Vlade is as good as his word, so when the current load of dirt is shoveled into the new planter boxes, he goes to the storage room and pulls out what looks like an oversized suitcase. This, along with a trunk containing all their bathroom fixtures, is their hotello, packed to move. All its parts are off the shelf, modular, easy to assemble. Plastic everything, including the air mattresses on cots, the walls that look like thick opaque shower curtains, because they are; the chem toilet; the light fixtures that are LED strings, and often strung on the structural elements, which resemble PVC tubing, now spangled as with Christmas lights. Festive in the dark.
Vlade takes a look around and declares the place rebuilt. It has indeed taken an hour.
“It seems kind of breezy up here now,” Jeff remarks to him.
“It was always breezy up here.”
“But now I’m noticing it more.

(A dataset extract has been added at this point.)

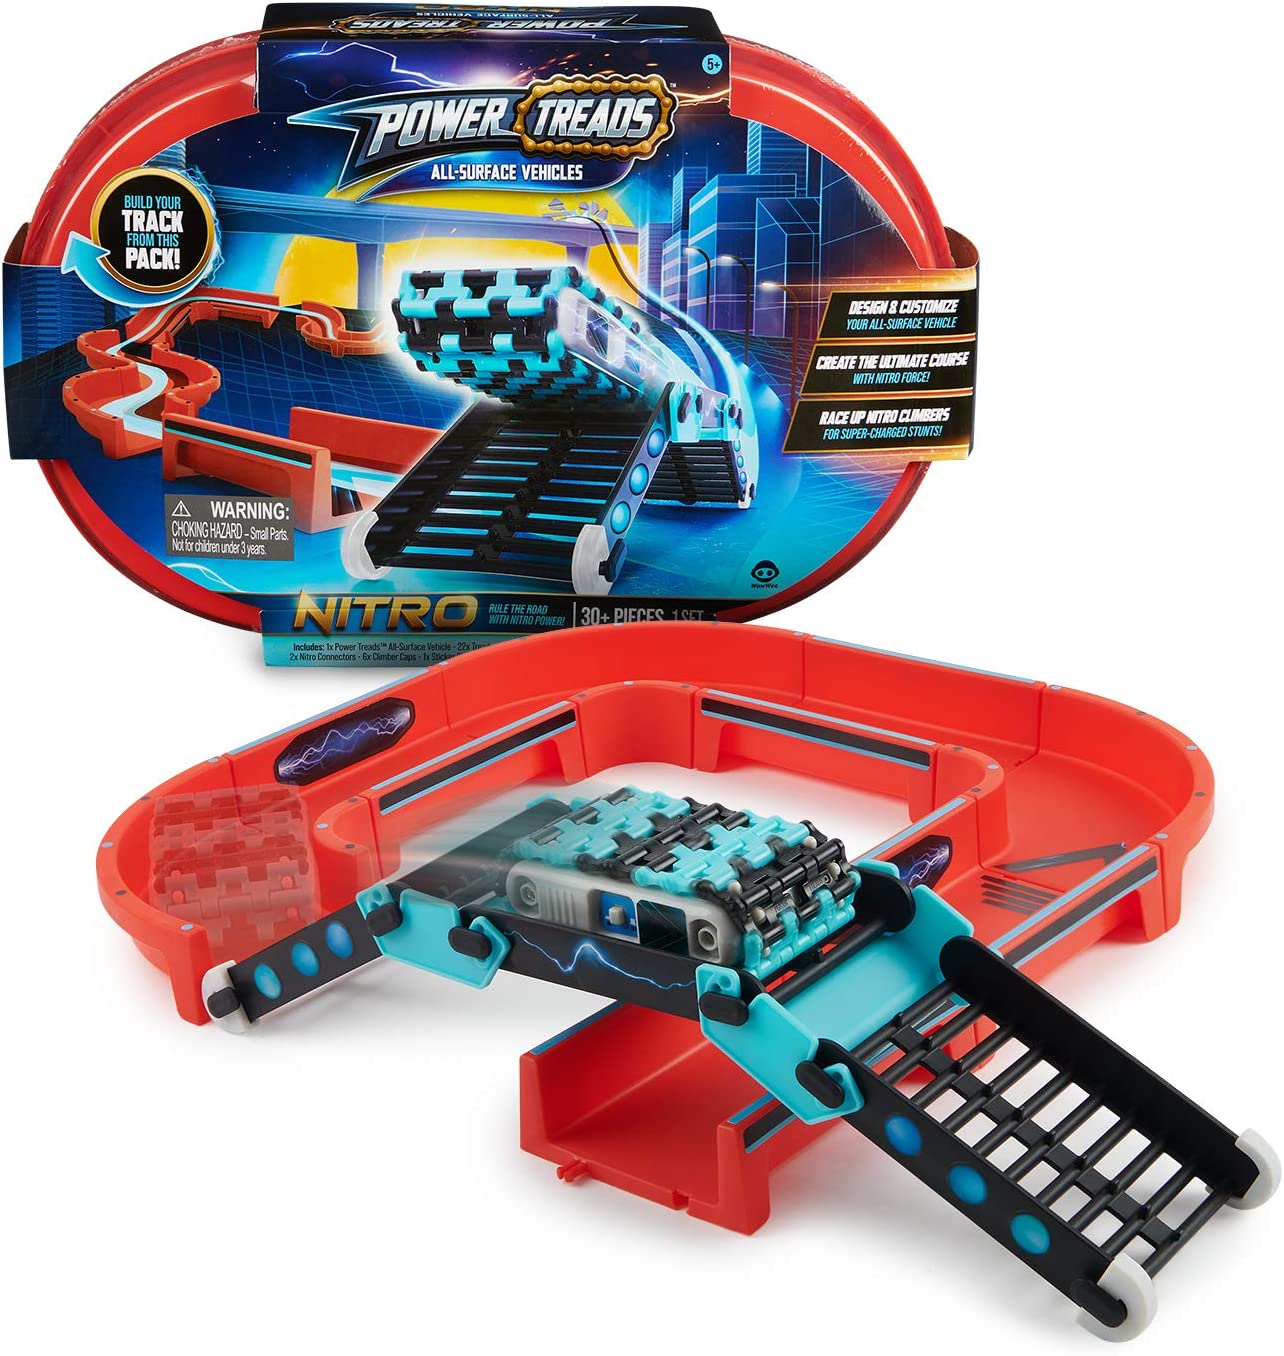 Power Treads - Nitro Stunt Pack - All-Surface Toy Vehicle $8.40 shipped w/ Prime

After the hurricane, I guess.”
“Sure,” says Vlade. “We feel it now.”
“What are you going to do about that, by the way? I mean next time there’s a big storm. In terms of protecting this floor.”
“I don’t know. I’m still thinking it over. I think the whole city is, in terms of windows and how to deal. I don’t know if there’s any great solution, if we’re going to get storms like that one. I’m hoping that was a once-in-a-lifetime thing. It’s gonna take years to rebuild.”